[Your objective]: The entries below must be reproduced exactly; their pictures are not part of the copy.

--- Supplied material ---

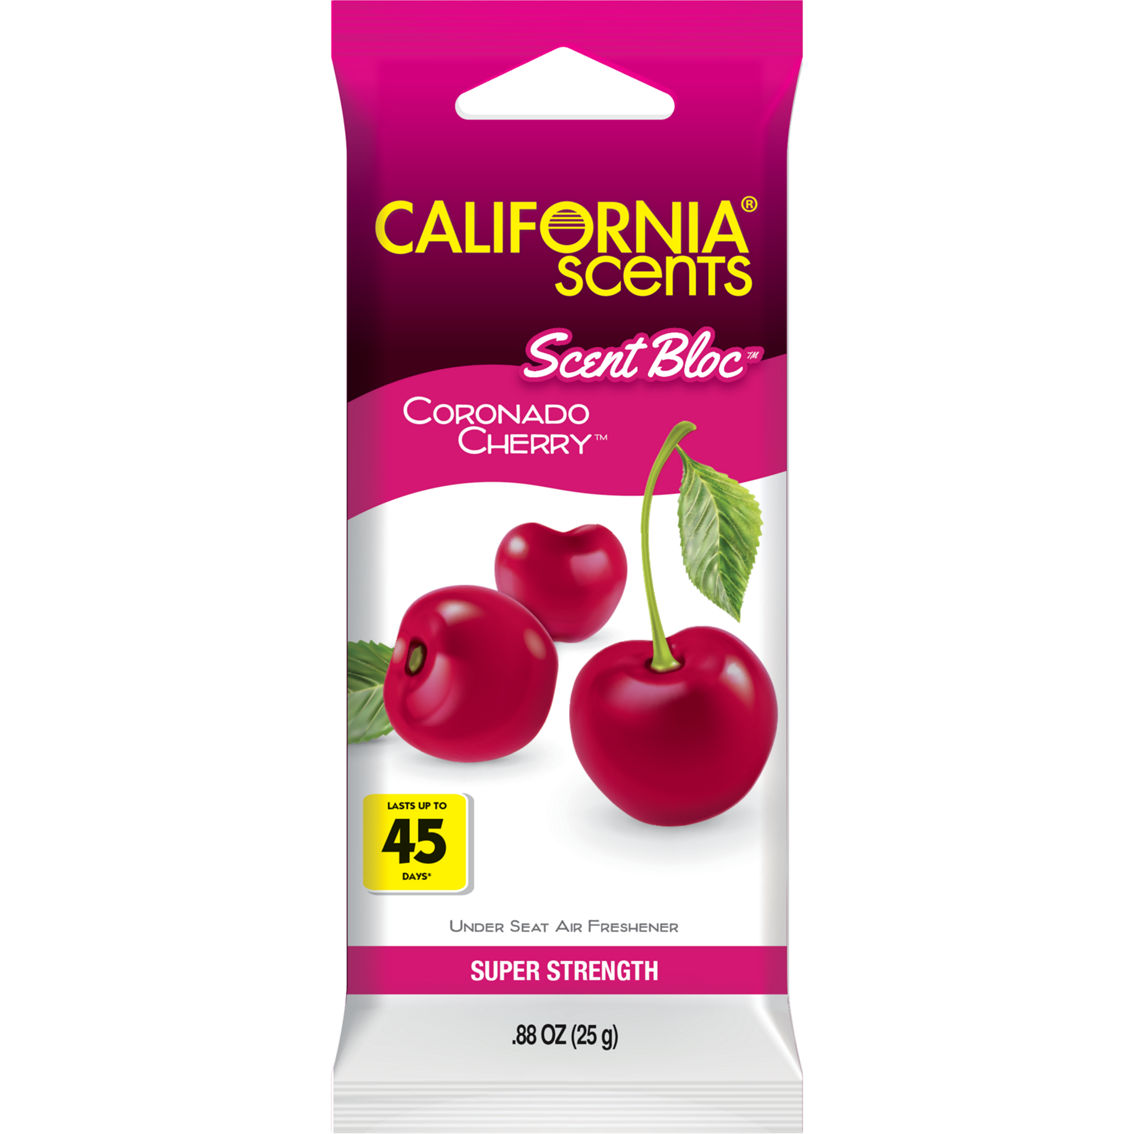 California Scents California Scents Car Scents Spillproof Canister Air  Freshener Coronado Cherry
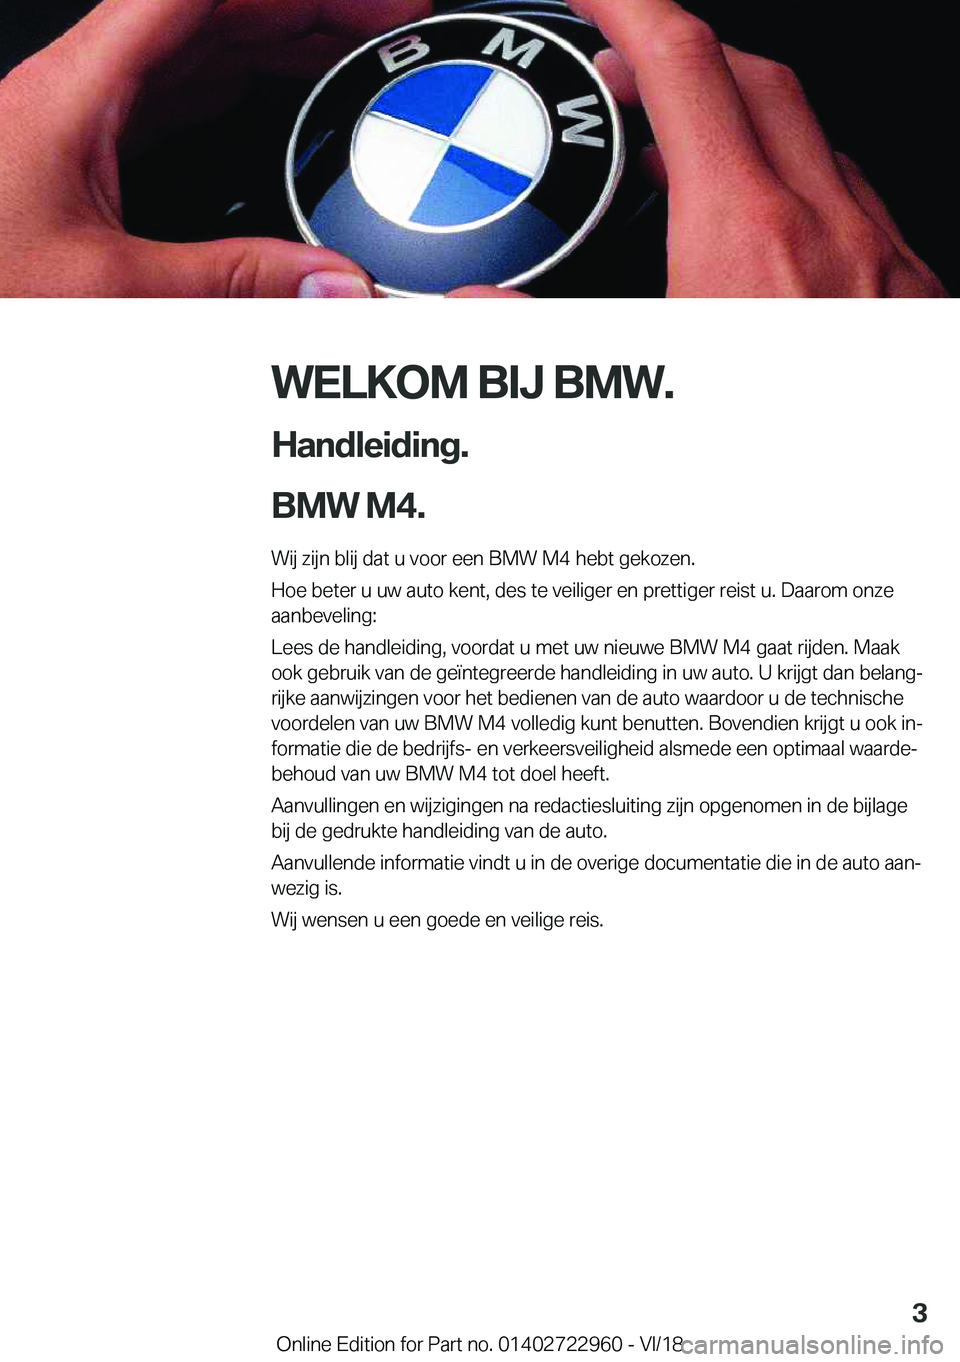 BMW M4 2019  Instructieboekjes (in Dutch) �W�E�L�K�O�M��B�I�J��B�M�W�.
�H�a�n�d�l�e�i�d�i�n�g�.
�B�M�W��M�4�. �W�i�j��z�i�j�n��b�l�i�j��d�a�t��u��v�o�o�r��e�e�n��B�M�W��M�4��h�e�b�t��g�e�k�o�z�e�n�.
�H�o�e��b�e�t�e�r��u��u�w�
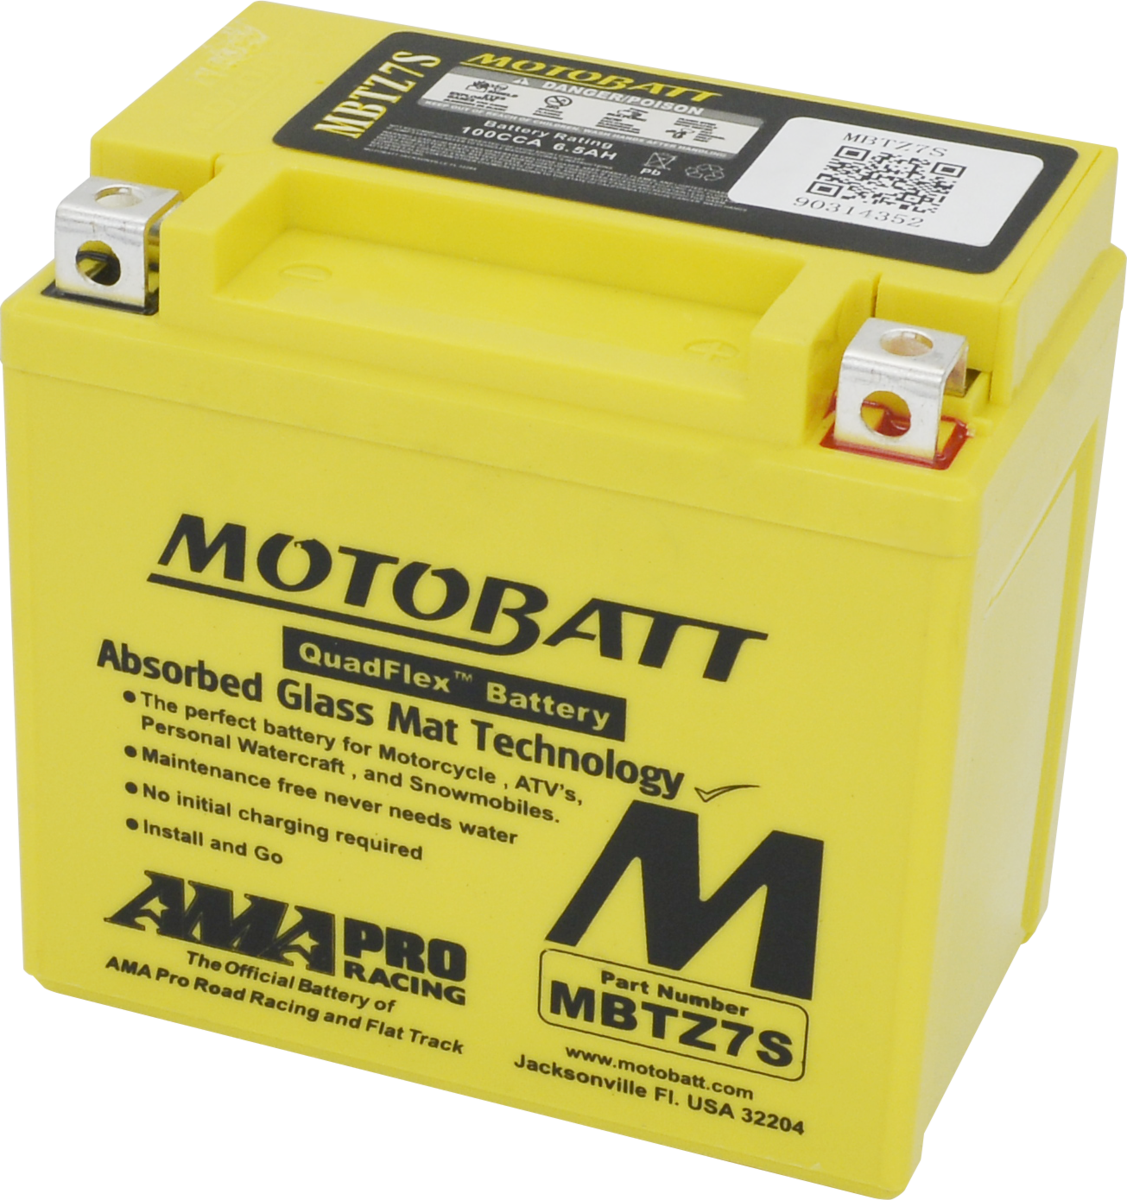 MBTZ7S Motobatt 12V AGM Battery
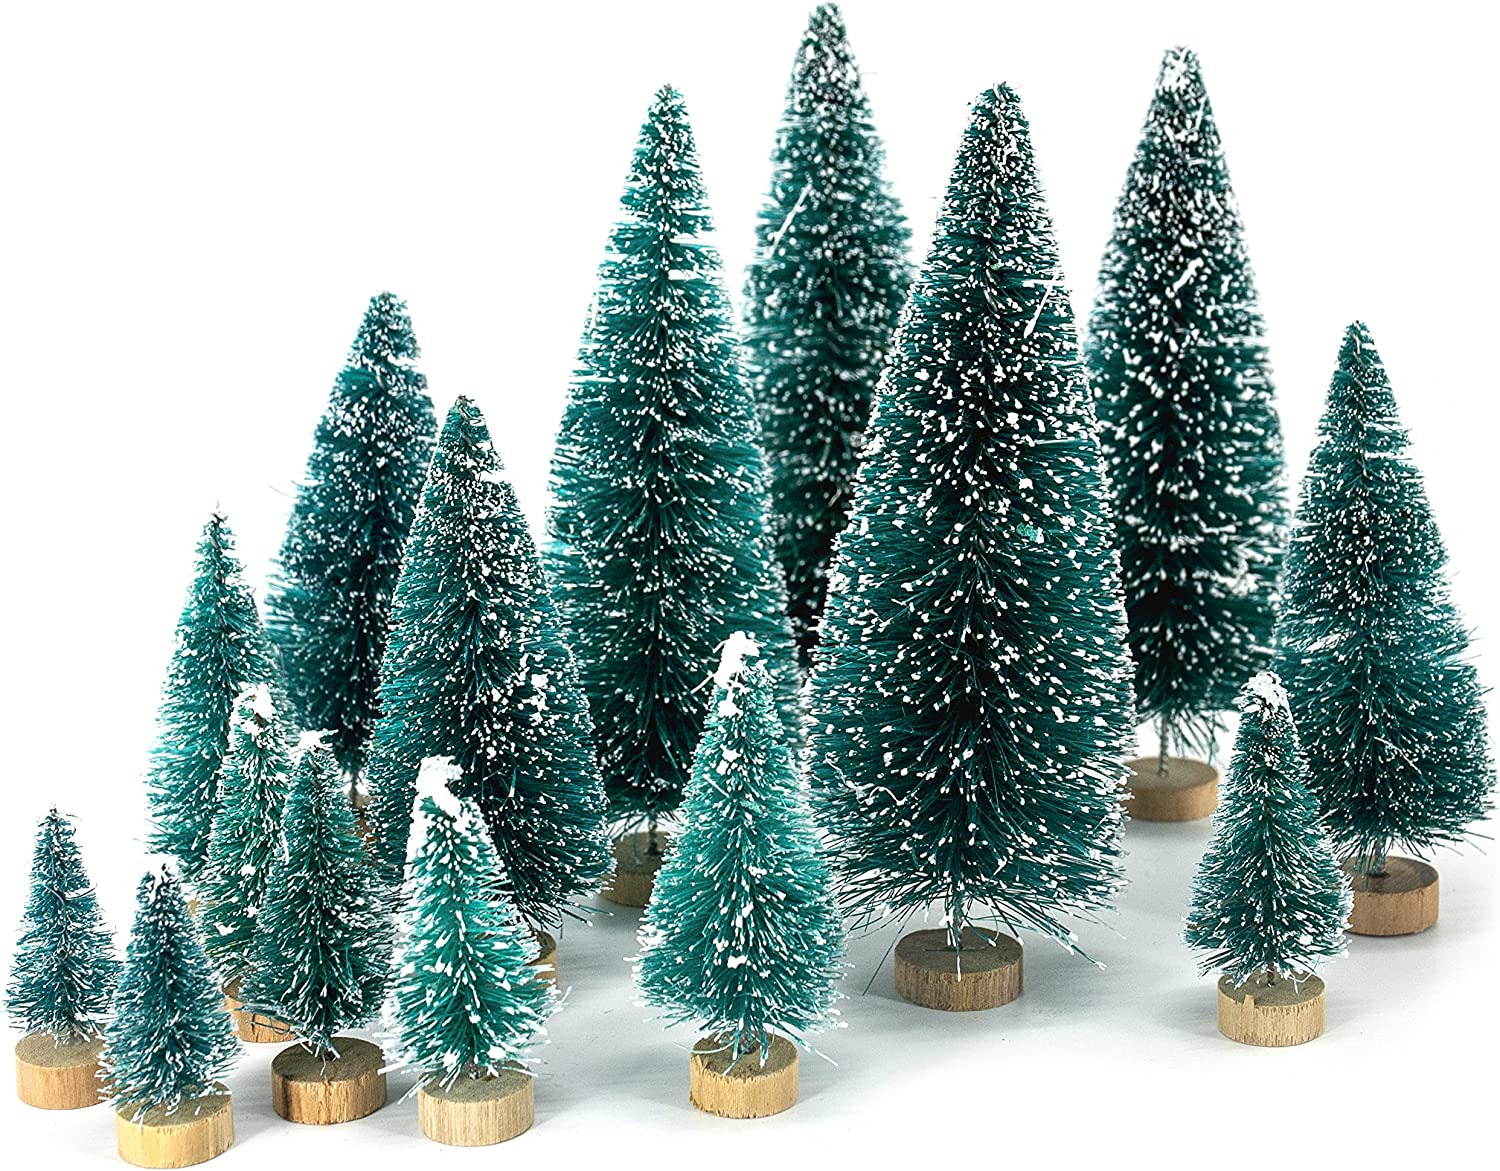 LOVEINUSA 40Pcs Mini Bottle Brush Trees in 5 Sizes for Christmas DIY Table Decor

---

[Solution]:
 California Scents California Scents Car Scents Spillproof Canister Air  Freshener Coronado Cherry
 BMW M4 2019  Instructieboekjes (in Dutch) �W�E�L�K�O�M��B�I�J��B�M�W�.
�H�a�n�d�l�e�i�d�i�n�g�.
�B�M�W��M�4�. �W�i�j��z�i�j�n��b�l�i�j��d�a�t��u��v�o�o�r��e�e�n��B�M�W��M�4��h�e�b�t��g�e�k�o�z�e�n�.
�H�o�e��b�e�t�e�r��u��u�w�
 MBTZ7S Motobatt 12V AGM Battery
 LOVEINUSA 40Pcs Mini Bottle Brush Trees in 5 Sizes for Christmas DIY Table Decor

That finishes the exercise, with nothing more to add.